"The only real stumbling block is the fear of failure. In cooking, you have got to have a what-the-hell attitude." ~ Julia Child

How to eat a tomato

by Julie on June 12, 2011

in Green Goddess, Vegetarian

Golden tomatoes from the Santa Monica Farmer's Market

They're coming for you...

I had exactly six dollars. All Wendy had was a hundred dollar bill.

We asked several vendors at the Santa Monica Farmer’s Market if they could change it for us. Most shook their heads and gave us queer looks. Several laughed at us.

So when we got to the booth where the tomatoes sat in a box soaking up the sun, I shot my wad and bought two of the biggest, best smelling, most pliant we could find, along with a bunch of basil with the largest leaves I’ve ever seen. Each one was the size of a Kleenex.

“Monster basil,” said Wendy.

“Monsanto basil, more like,” I said.

No, said the farmer. It’s organic. It’s just big.

And until we could find someone who could change a $100 bill, that was all we could afford for lunch.

We asked the farmer to cut each tomato into quarters, and we wandered until we found a shady spot where a booth should of been, but wasn’t. Thusly tucked away, we wrapped each piece of tomato in a basil leaf and ate them like that, leaning over so the juice didn’t run down our arms, which it did anyway.

Bliss. Perfect happiness. We closed our eyes and tasted the tang and green of the basil. That slightly sour sweetness of ripe tomato. We closed our eyes and ate our first tomato of summer.

We wiped our mouths with the back of our hands. Passers-by nodded and smiled their approval. That’s why I love me a farmer’s market. Nobody begrudges you a little tomato juice on your sleeve.

I vowed it was the only way to eat a tomato.

tomato on toasted olive bread with feta

The other way to eat tomatoes

A few weeks later, I remembered another way. Almost as simple, just as perfect.

Buy olive bread. Slice it. Toast it.

Place two fresh slices of tomato on top just so.  Crumble feta cheese over it.

You can add sea salt — just the slightest pinch — if you want to. But that’s really going over the top if you ask me.

Again, perfection.

Even the nits eat this. Even the Drama Teen’s friends eat this.

Can you taste it? Summer’s here.

What’s your favorite way to eat a tomato? Really.

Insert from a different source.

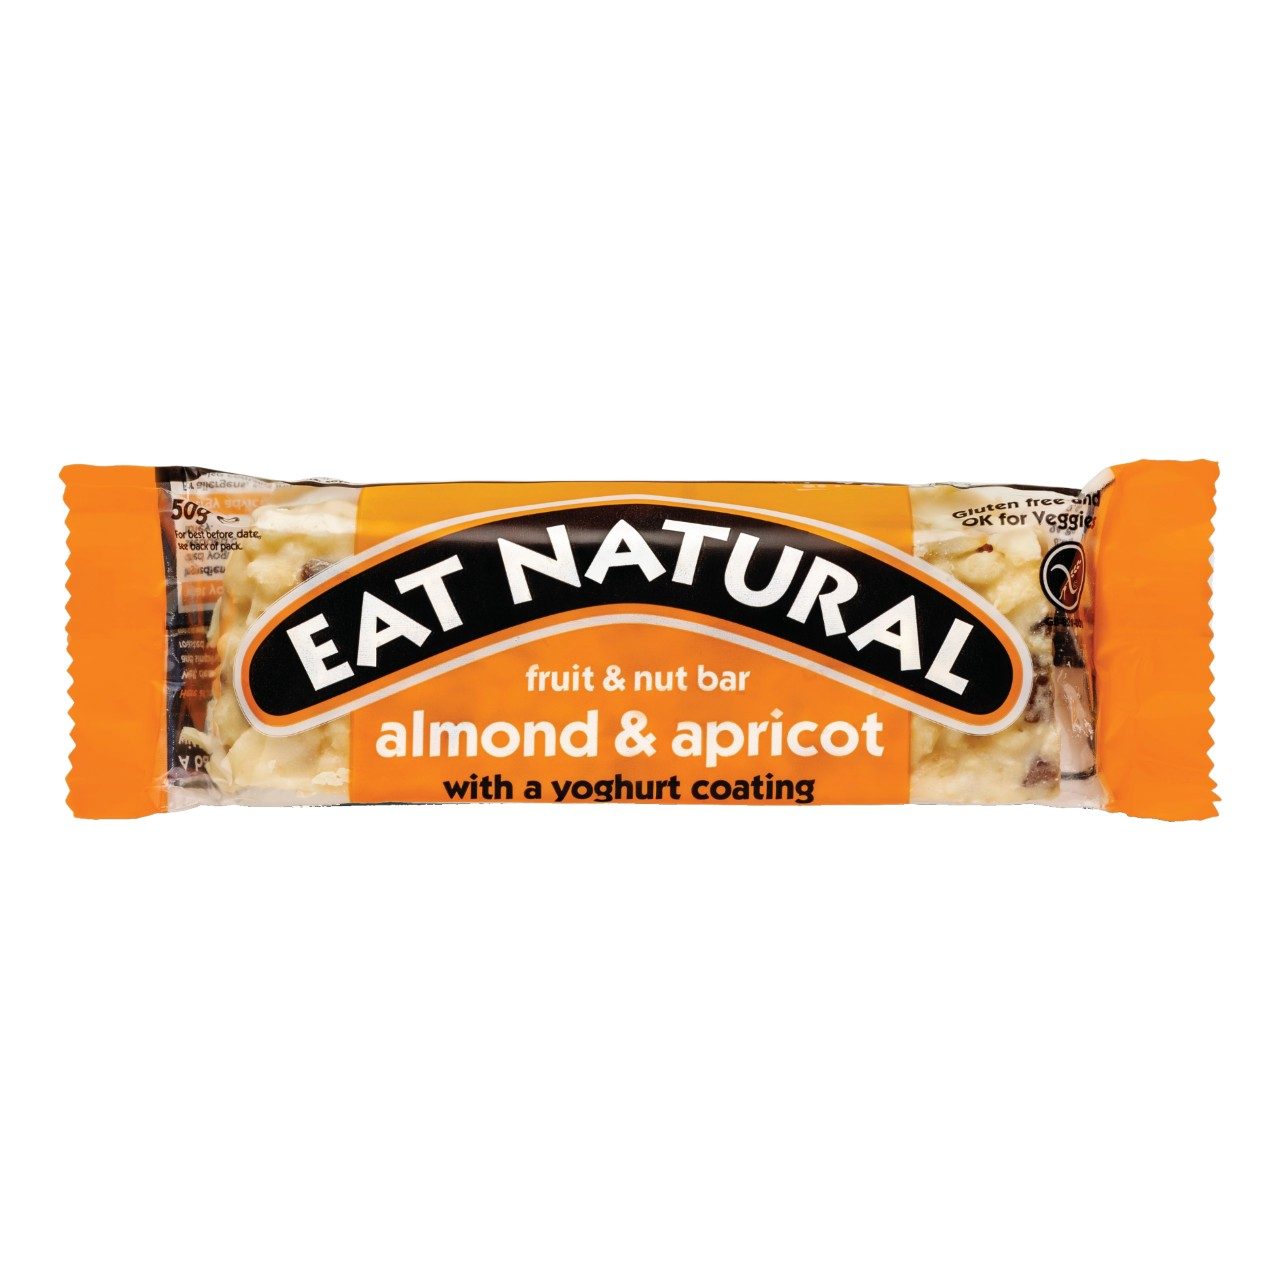 Fruit  nut bars almond  apricot with a yoghurt coating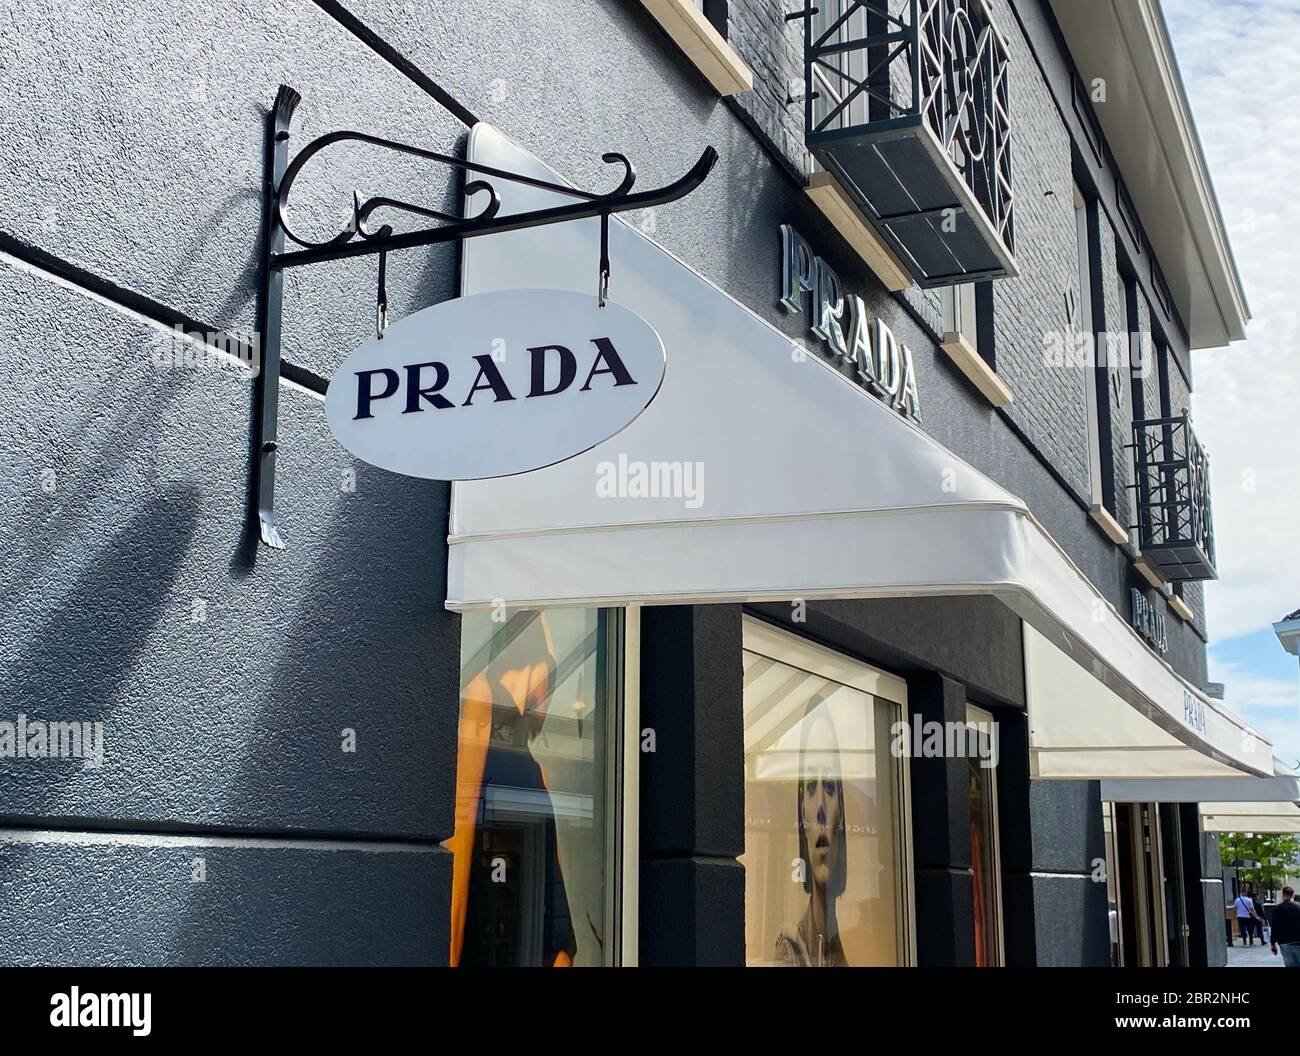 Roermond, Netherlands - May 19. 2020: View on facade with logo lettering of  Prada fashion company at shop entrance Stock Photo - Alamy

I want to know.

{ 8 comments… read them below or add one }

Nikki Britain June 12, 2011 at 5:33 pm

Big chunks of tomato, cubed buffalo mozzarella and fresh basil leaves tossed with extra-virgin olive oil and just a smidgen of garlic salt. My kids call it “Italian Salad” and usually ask for second helpings. Thank you for the reminder of how summer should taste!


Jen June 13, 2011 at 8:39 am

Love this – I could taste the tomato! Can’t wait to have my first one of the summer…


Jamie June 13, 2011 at 9:13 am

Haphazardly cut up tomatos, nectarines, and smoked mozarella tossed w/ chiffonaded basil, and equal portions of fig vinegar and olive oil. Salt & pepper to taste.


Julie June 13, 2011 at 9:18 am

“chiffonaded” basil? Whaaaa???


jen June 13, 2011 at 10:32 pm

On top of a warm veggie/potato skillet (I like the tomatoes cold though) – best breaky ever! I am the only one in my family who would eat this though. It could be so much more fun if everyone would “Yum!” with me.


Liz Haynes June 15, 2011 at 11:04 pm

Loved this story. Reminded me of the children’t book First Tomato by Rosemary Wells. Lovely. I like to chop up tomatoes, fresh basil, garlic, olive oil, kosher salt, then, get ready for it… cubed firm tofu. My version of a caprese salad, but less fat than mozzarella. I know it sounds strange, but it’s pretty good. If I add some whole grain pasta I call it dinner!


Julie June 15, 2011 at 11:17 pm

Thanks Liz! I LOVE First Tomato by Rosemary Wells. It’s one of my favorite kids’ books, and actually always brings a tear to my eye, it’s so touching. (shhh! Don’t tell anyone I’m that sappy sometimes…). Hmmm…maybe I should do a roundup of favorite children’s books featuring food…got any faves?


alice July 4, 2011 at 9:02 am

Oh man, I spent one summer when I was 12 reading and re-reading Farmer Boy because of the food. After eating a full plate of goodies, Alfonso would always sigh and somehow make room for three types of pie.